The OpenAI Agents SDK is an open-source framework developed by OpenAI for building multi-agent systems and agentic workflows. Released on March 11, 2025, it is the production-ready successor to OpenAI Swarm, an experimental educational framework that OpenAI introduced in October 2024. The SDK provides a lightweight, Python-first (and later TypeScript) toolkit for orchestrating AI agents that can use tools, hand off tasks to other agents, validate inputs and outputs through guardrails, and be monitored through built-in tracing. It is released under the MIT license and hosted on GitHub, where it has accumulated over 20,000 stars as of early 2026.

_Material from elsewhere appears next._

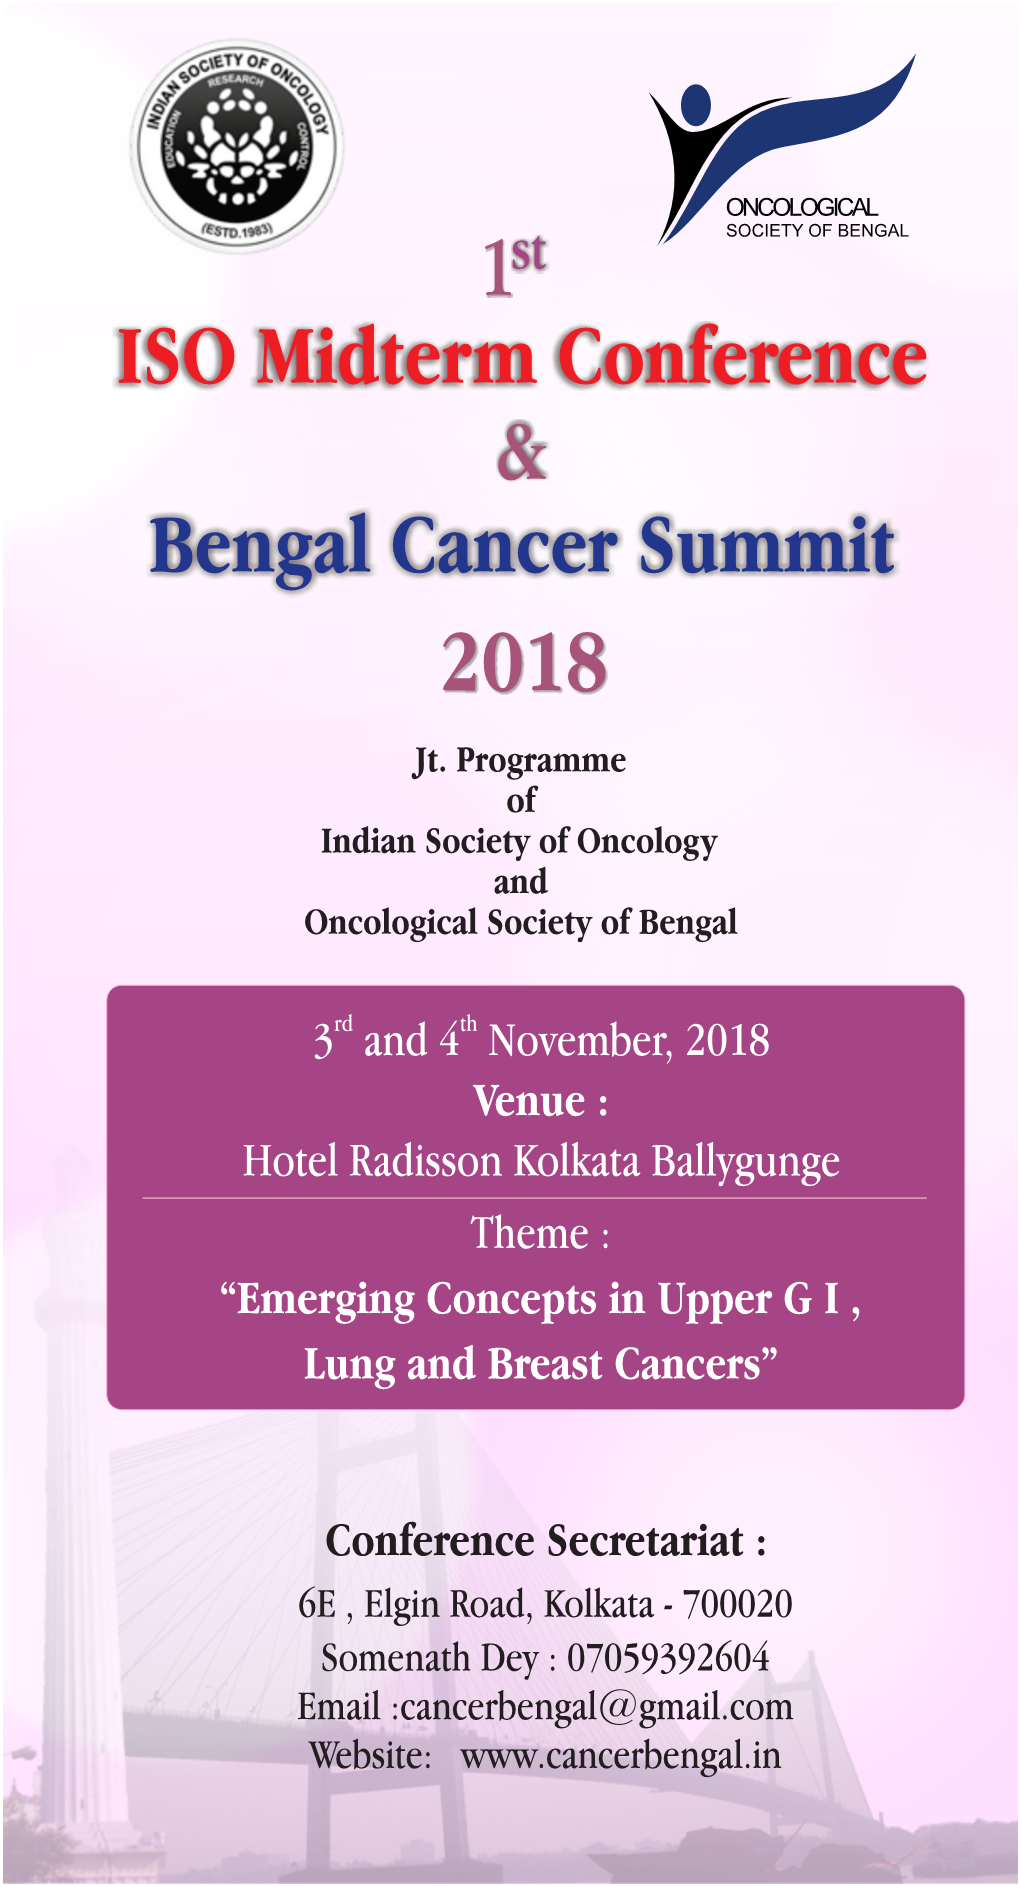 ISO Midterm Conference Bengal Cancer Summit &

In October 2024, OpenAI quietly released Swarm, an experimental, educational framework for multi-agent orchestration. Swarm was built on top of OpenAI's Chat Completions API and introduced two core abstractions: routines (sets of instructions and tools for an agent) and handoffs (the ability for one agent to transfer a conversation to another agent). OpenAI explicitly described Swarm as a research and educational tool rather than a production-ready product. Shyamal Anadkat, a researcher at OpenAI, said at the time: "Think of it more like a cookbook. It's experimental code for building simple agents. It's not meant for production and won't be maintained by us."

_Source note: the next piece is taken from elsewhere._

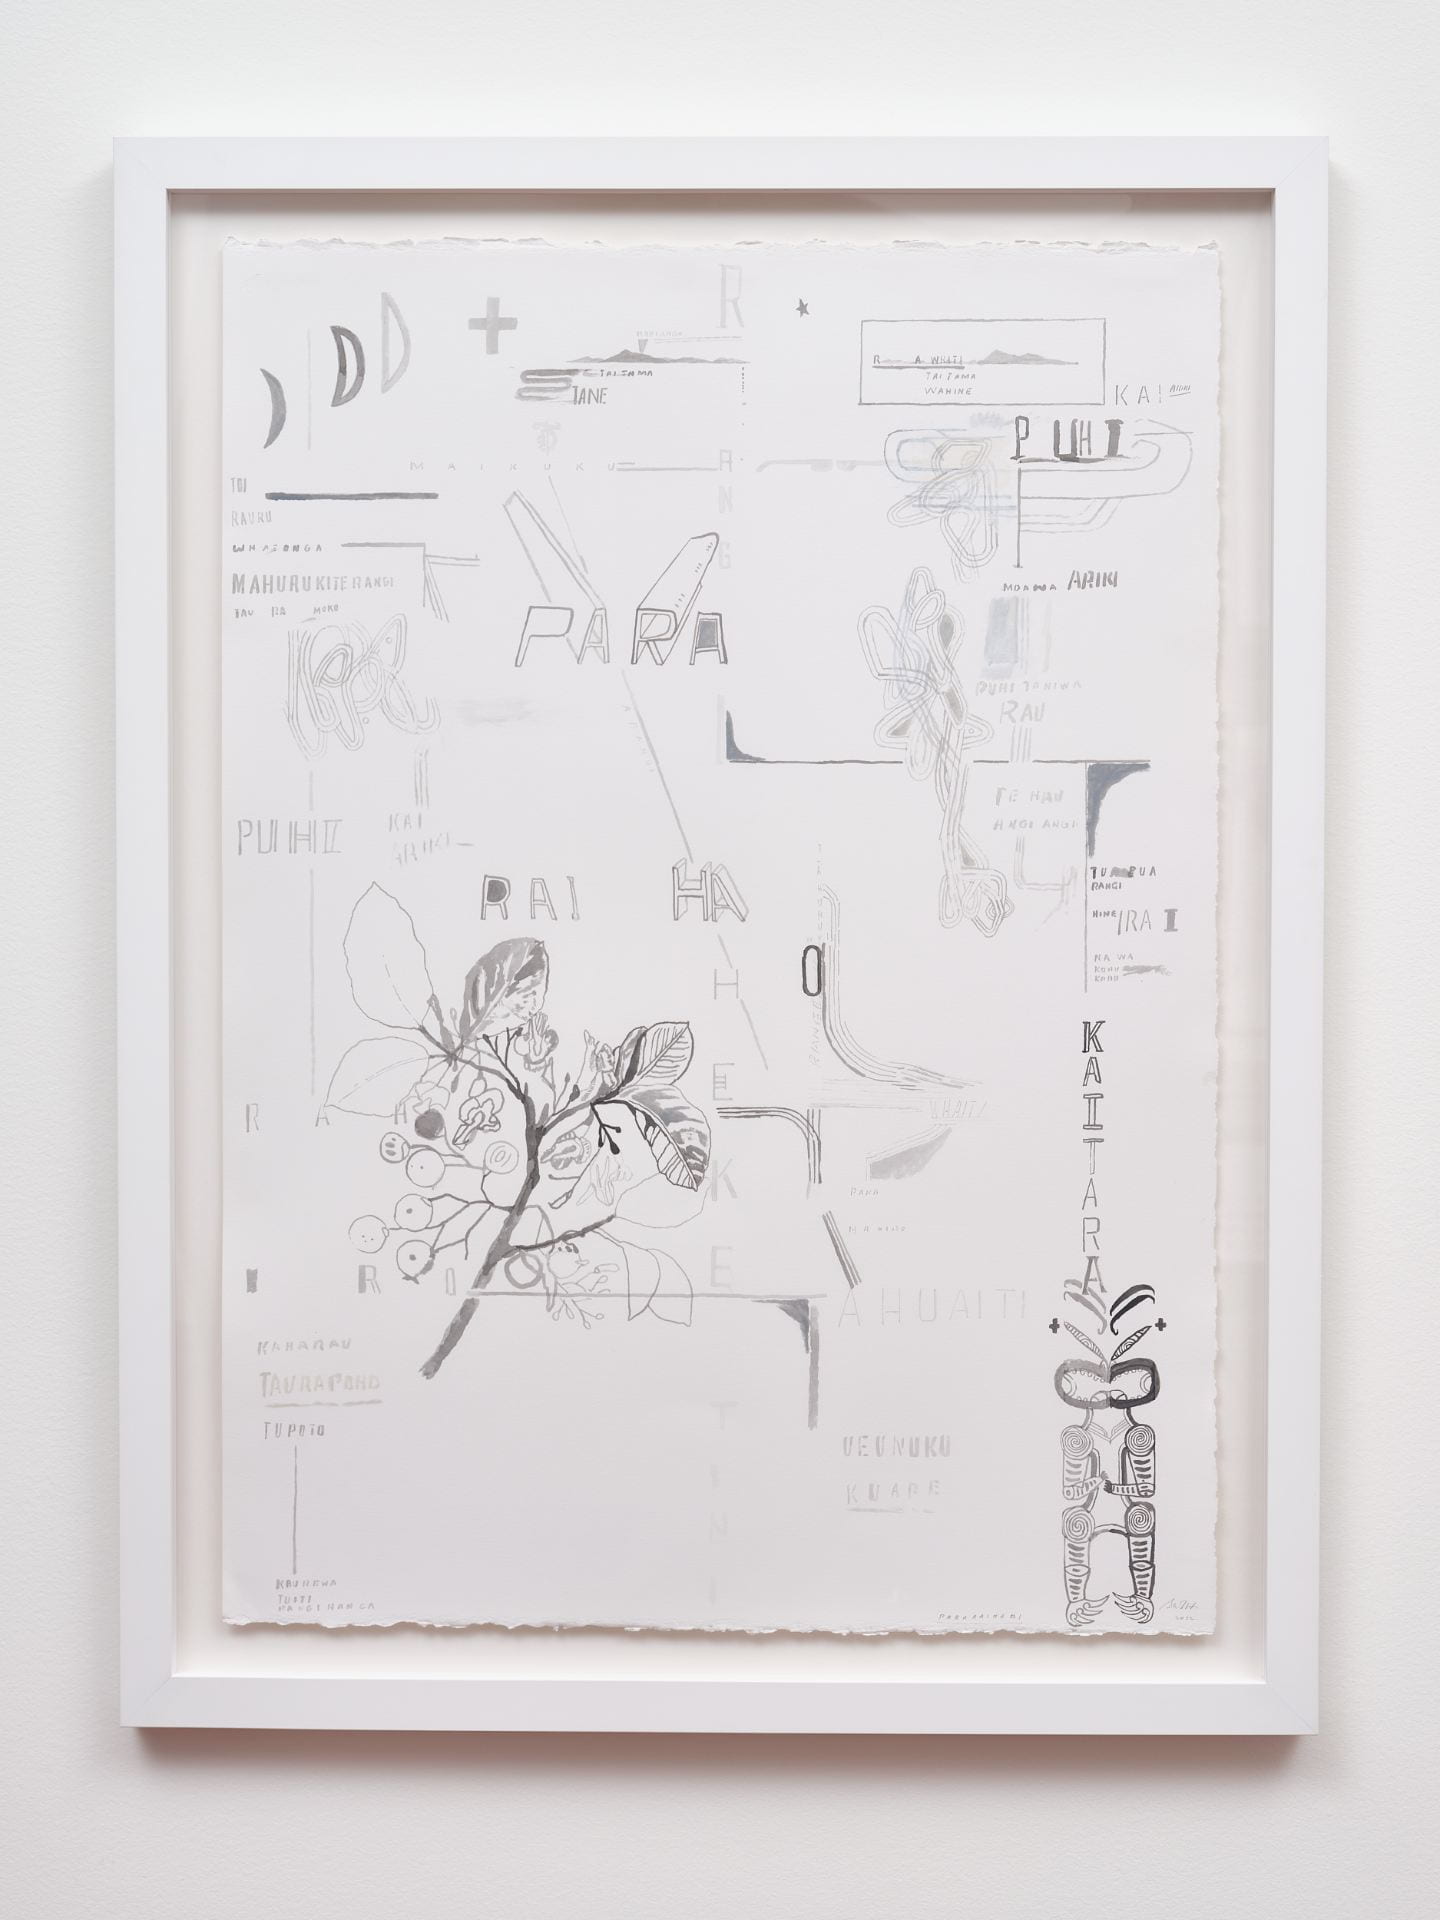 A framed rectangle drawing consisting of drawn text, leaves and motifs

Despite its experimental status, Swarm attracted significant developer attention. It demonstrated that multi-agent systems could be built with minimal abstraction, an idea that influenced the broader AI agent framework ecosystem.
On March 11, 2025, OpenAI released the Agents SDK as part of a broader announcement that also introduced the Responses API, built-in tools for web search, file search, and computer use, and observability tracing. The Agents SDK replaced Swarm with a production-grade framework, retaining Swarm's core philosophy of lightweight, ergonomic multi-agent orchestration while adding the reliability, tooling, and features needed for real-world deployment.
The initial release was Python-only (package name: openai-agents), with a TypeScript/JavaScript version following in June 2025. Both SDKs support the same core primitives: agents, handoffs, guardrails, and tracing.
At OpenAI's DevDay on October 6, 2025, the company announced AgentKit, a higher-level toolkit built on top of the Agents SDK. While the Agents SDK provides foundational, open-source primitives for building agents, AgentKit adds enterprise-oriented features including a visual Agent Builder, ChatKit (embeddable UI components), a Connector Registry, and evaluation loops. The Agents SDK and AgentKit are complementary: the SDK handles low-level orchestration, while AgentKit provides the tooling to ship and iterate on agents faster in production environments.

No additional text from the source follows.